[[ DATA BLOCK, beginning ]]

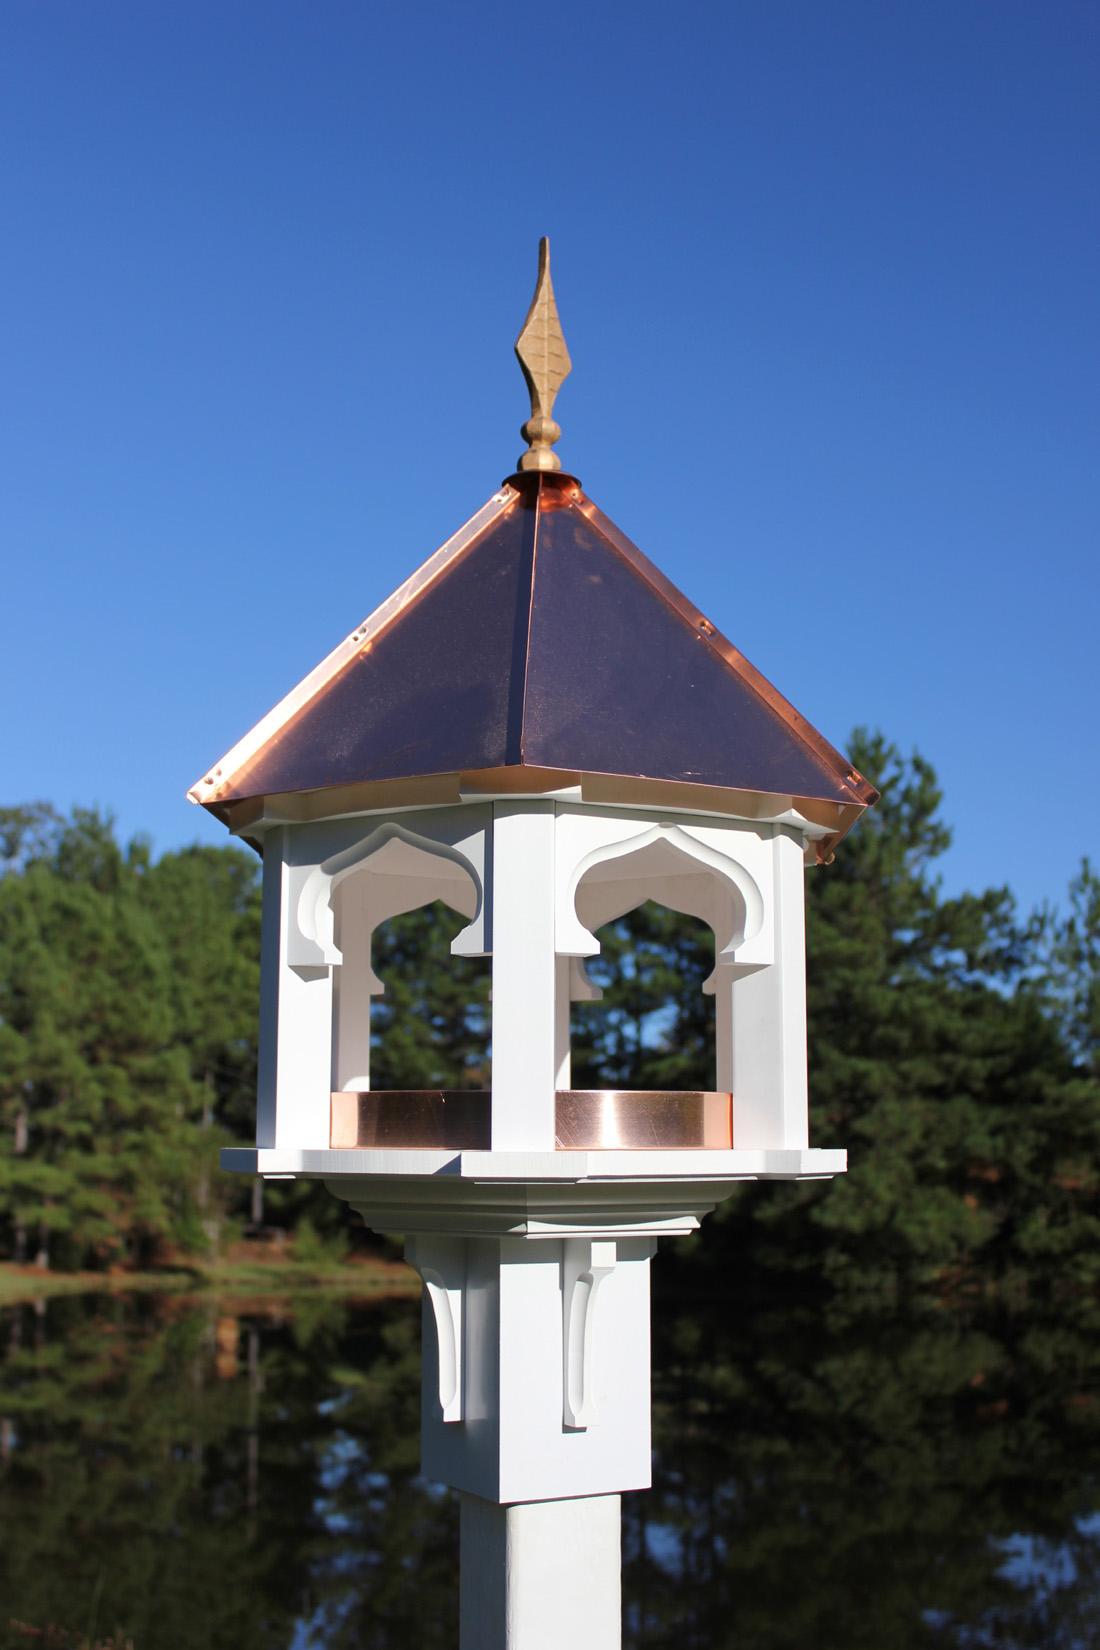 Carousel Cafe Bird Feeder Garden Artisans Llc
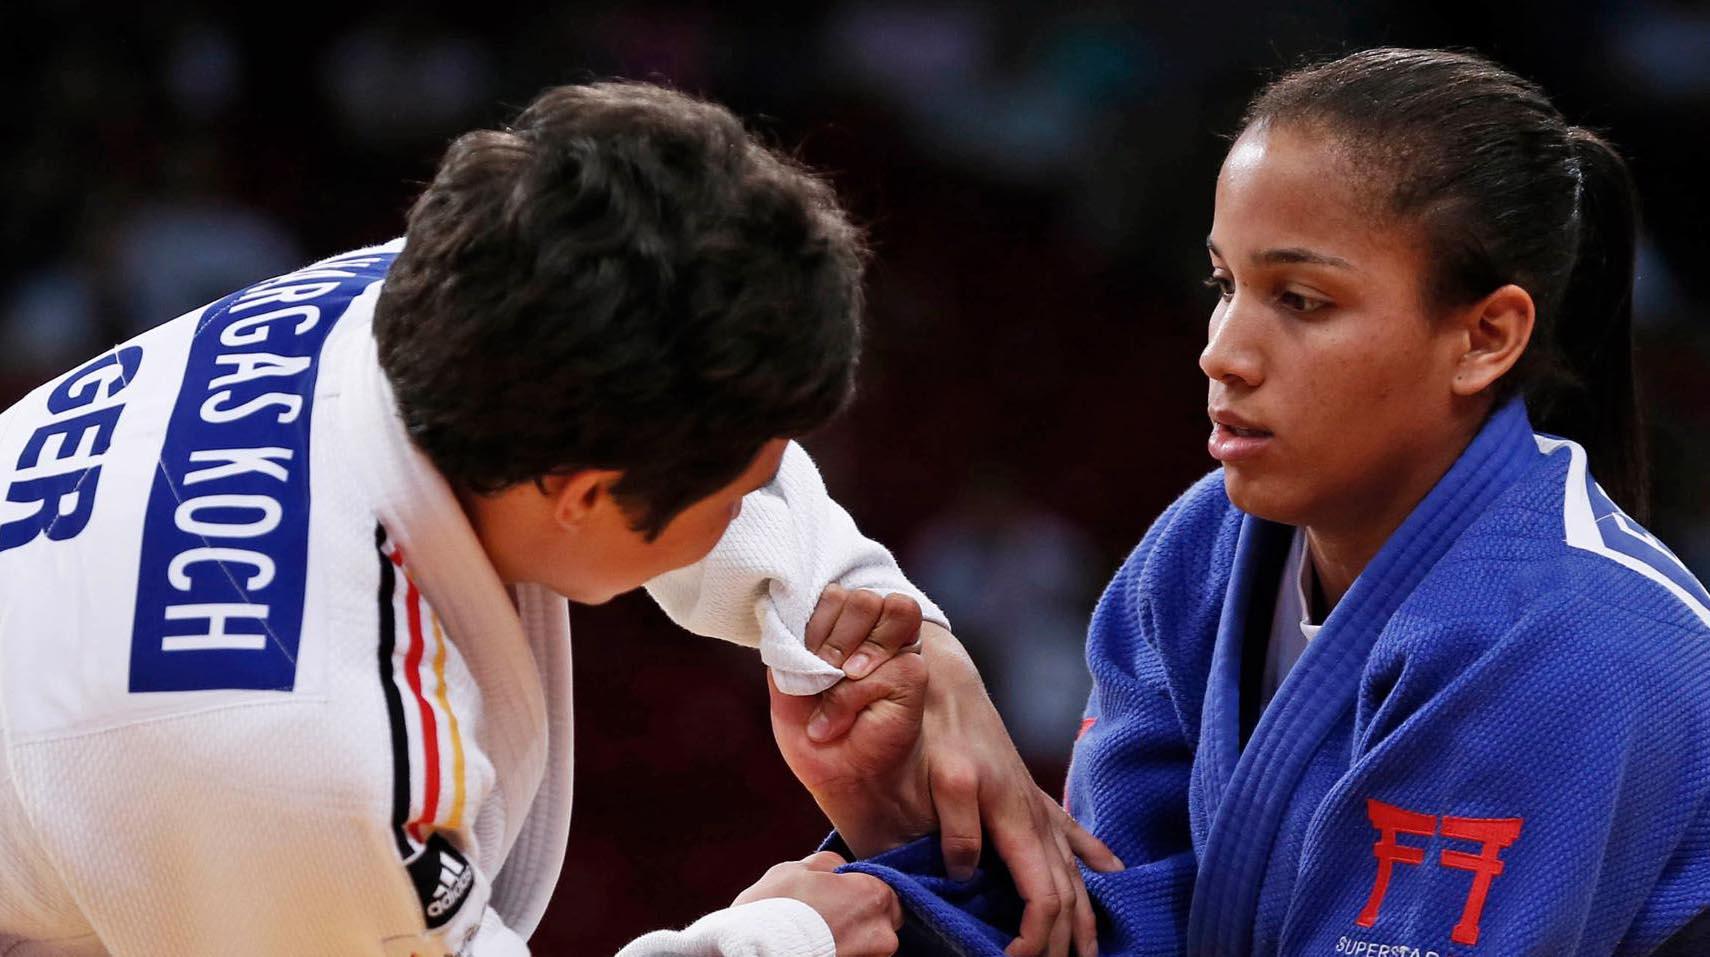 El Sumario - La venezolana obtuvo medalla dorada en la categoría de los 70 kilogramos del judo de los Juegos Centroamericanos y del Caribe de Barranquilla
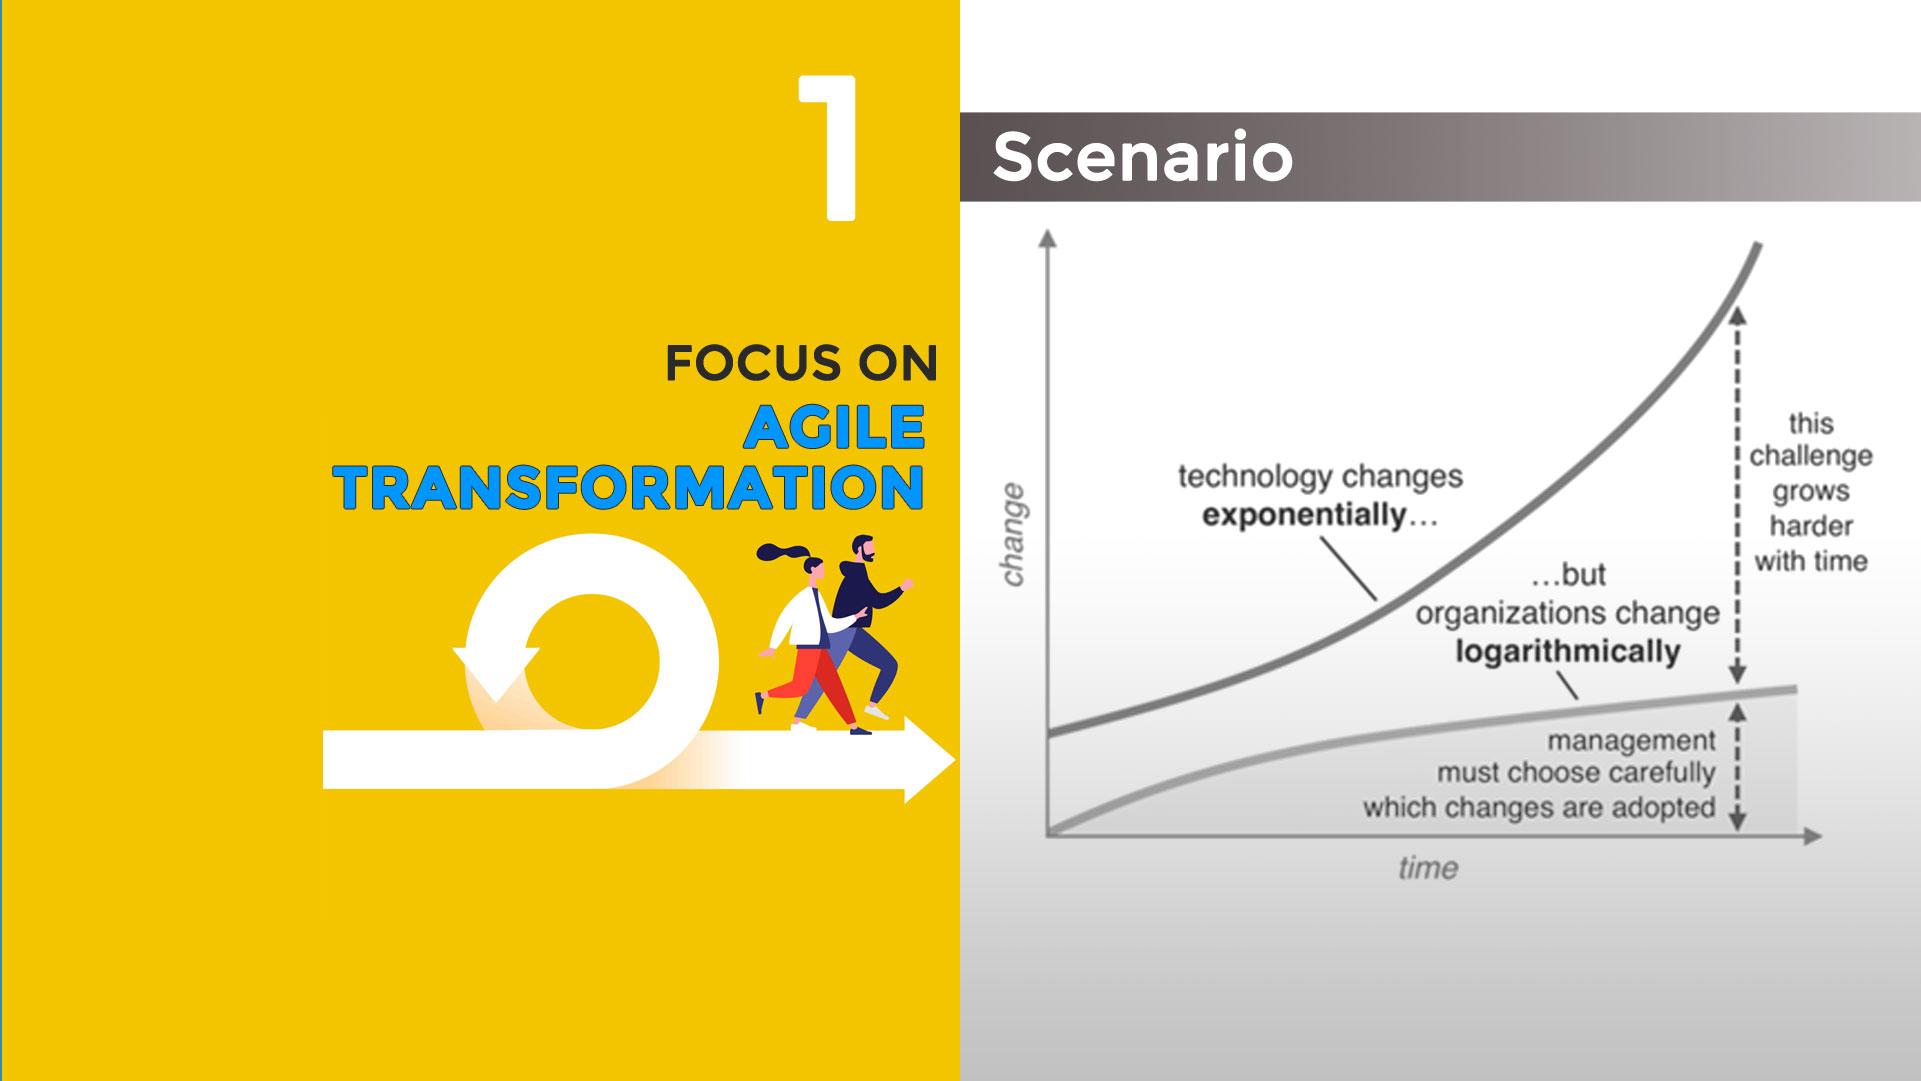 ffb92867ce37 Agile transformation: ecco come cambia il modo di lavorare
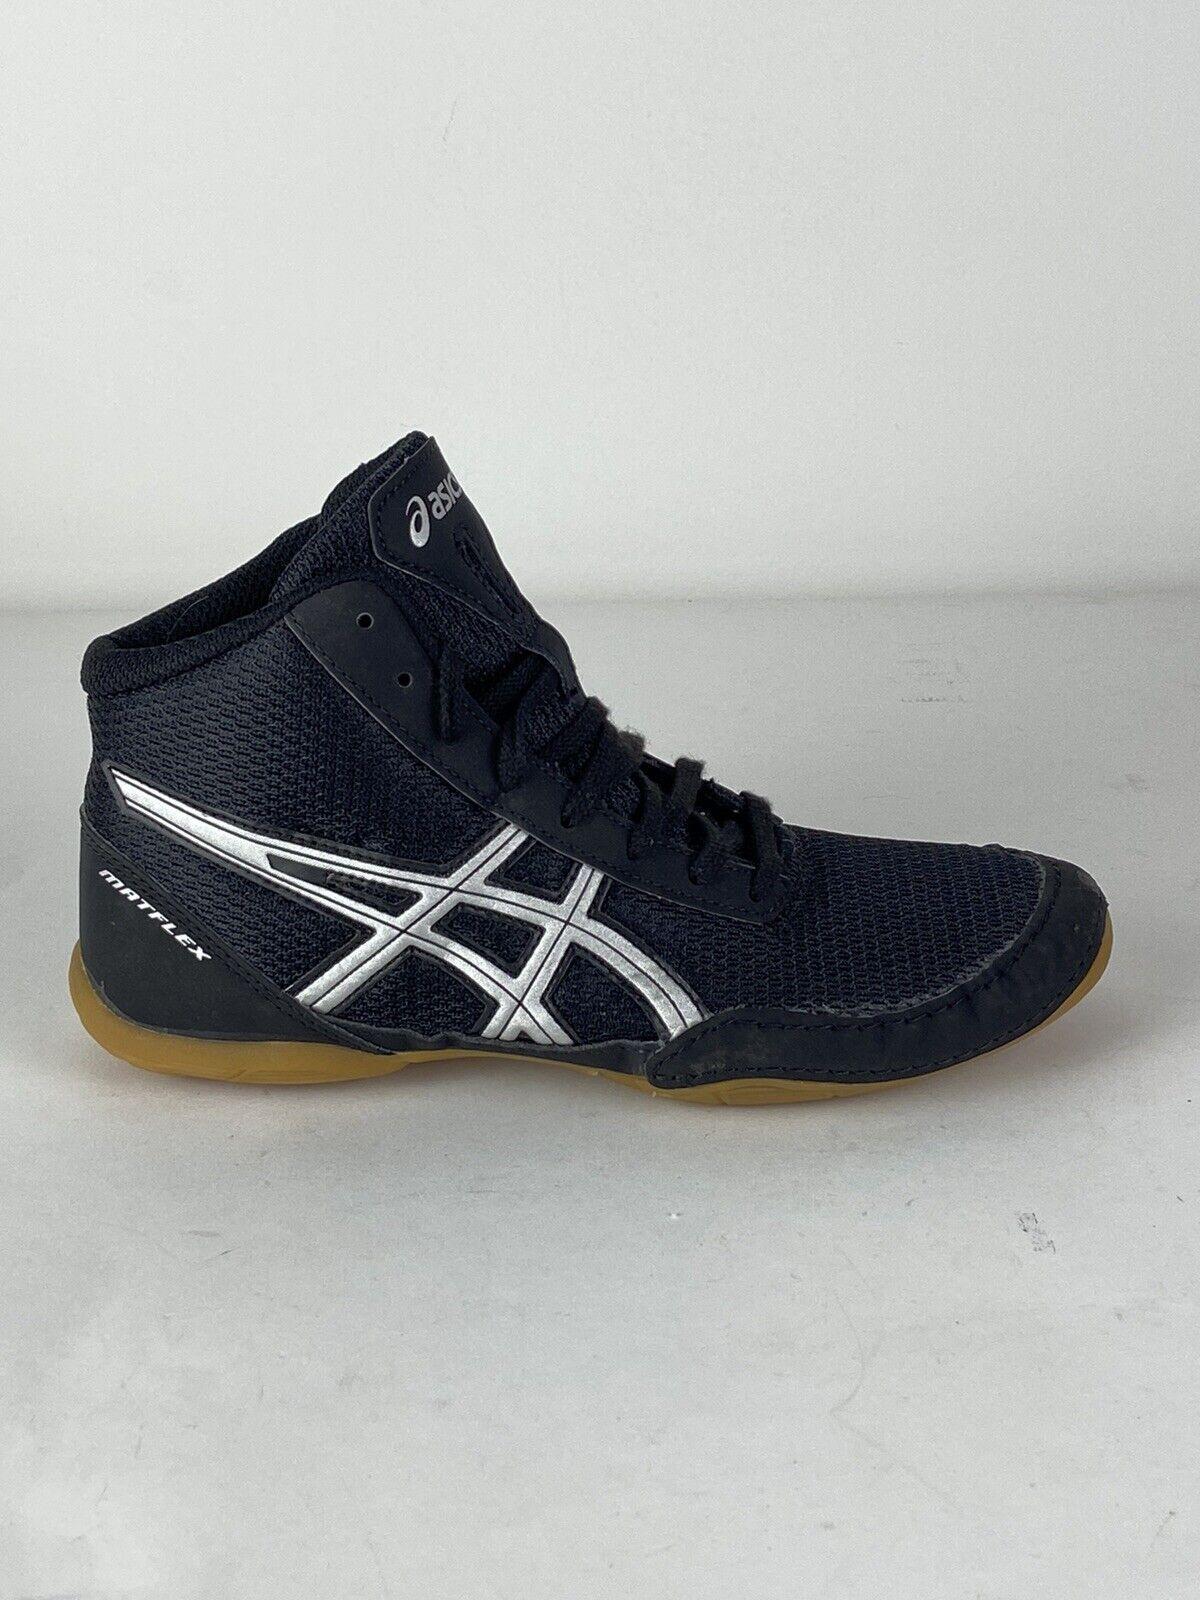 Matflex 4 GS Wrestling Shoes

[[ DATA BLOCK, end ]]

All the lines above need to be repeated exactly, with no pictures carried over.

 Carousel Cafe Bird Feeder Garden Artisans Llc
 El Sumario - La venezolana obtuvo medalla dorada en la categoría de los 70 kilogramos del judo de los Juegos Centroamericanos y del Caribe de Barranquilla
 ffb92867ce37 Agile transformation: ecco come cambia il modo di lavorare
 Matflex 4 GS Wrestling Shoes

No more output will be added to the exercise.